How many mL of 0.125 M Cr3+ must be reacted with 12.00 mL of 0.200 M MnO4- if the redox products are CrO42- and Mn2+?

First, write and balance the redox reaction:

Cr3+ + MnO4- → Mn2+ + CrO42-

To balance this reaction, we will use the half-reaction method:

Oxidation half-reaction: Cr3+ → CrO42- + 3e-
Reduction half-reaction: MnO4- + 5e- → Mn2+

Balance the oxygen atoms by adding water molecules:

Cr3+ + 4H2O → CrO42- + 8H+ + 3e-
MnO4- + 8H+ + 5e- → Mn2+ + 4H2O

Balance the charges by adding electrons:

Cr3+ + 4H2O → CrO42- + 8H+ + 3e-
MnO4- + 8H+ + 5e- → Mn2+ + 4H2O

Multiply the oxidation half-reaction by 5 and the reduction half-reaction by 3 to balance the electrons:

5Cr3+ + 20H2O → 5CrO42- + 40H+ + 15e-
3MnO4- + 24H+ + 15e- → 3Mn2+ + 12H2O

Add the two half-reactions and simplify:

5Cr3+ + 3MnO4- + 8H2O → 5CrO42- + 3Mn2+ + 16H+

Now we can use stoichiometry to solve the problem.

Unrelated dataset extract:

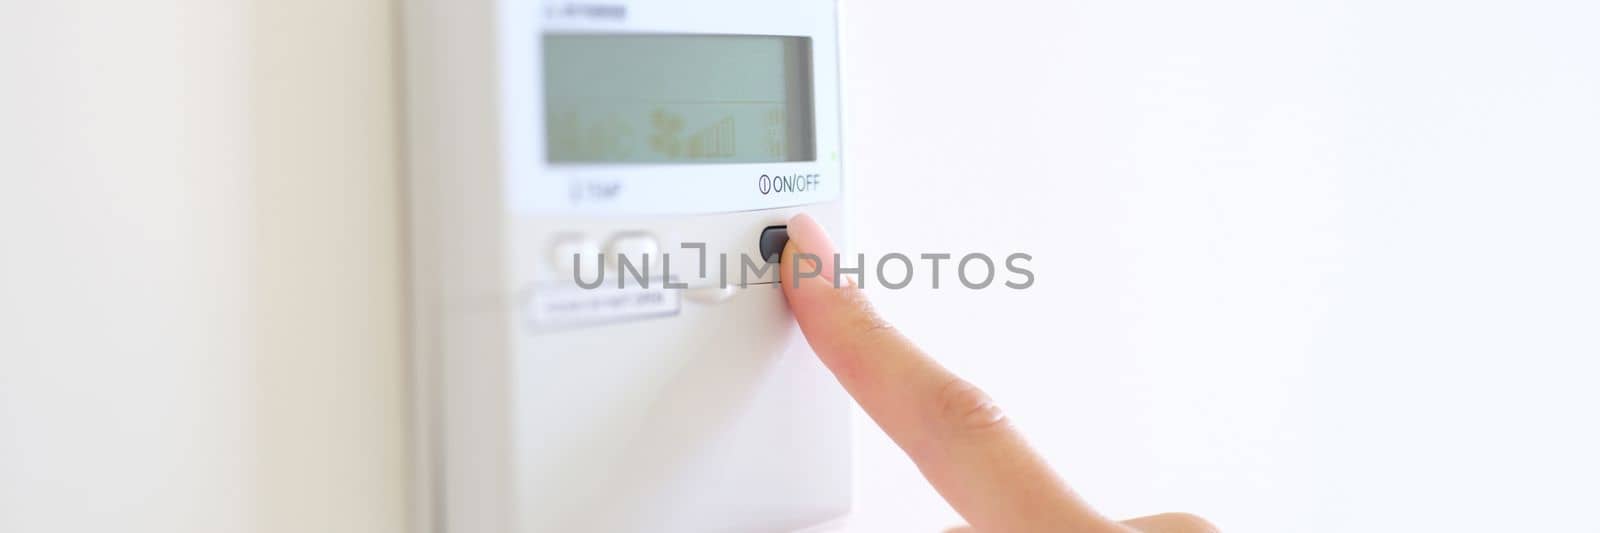 Wall mounted digital climate control and home thermostat by kuprevich

Moles of MnO4- = (0.200 mol/L) * (12.00 mL) * (1 L/1000 mL) = 0.00240 mol

From the balanced equation, the mole ratio of Cr3+ to MnO4- is 5:3.

Moles of Cr3+ = (0.00240 mol MnO4-) * (5 mol Cr3+/3 mol MnO4-) = 0.00400 mol

Volume of Cr3+ = (0.00400 mol) / (0.125 mol/L) = 0.0320 L = 32 mL

Therefore, 32 mL of 0.125 M Cr3+ must be reacted with 12.00 mL of 0.200 M MnO4-.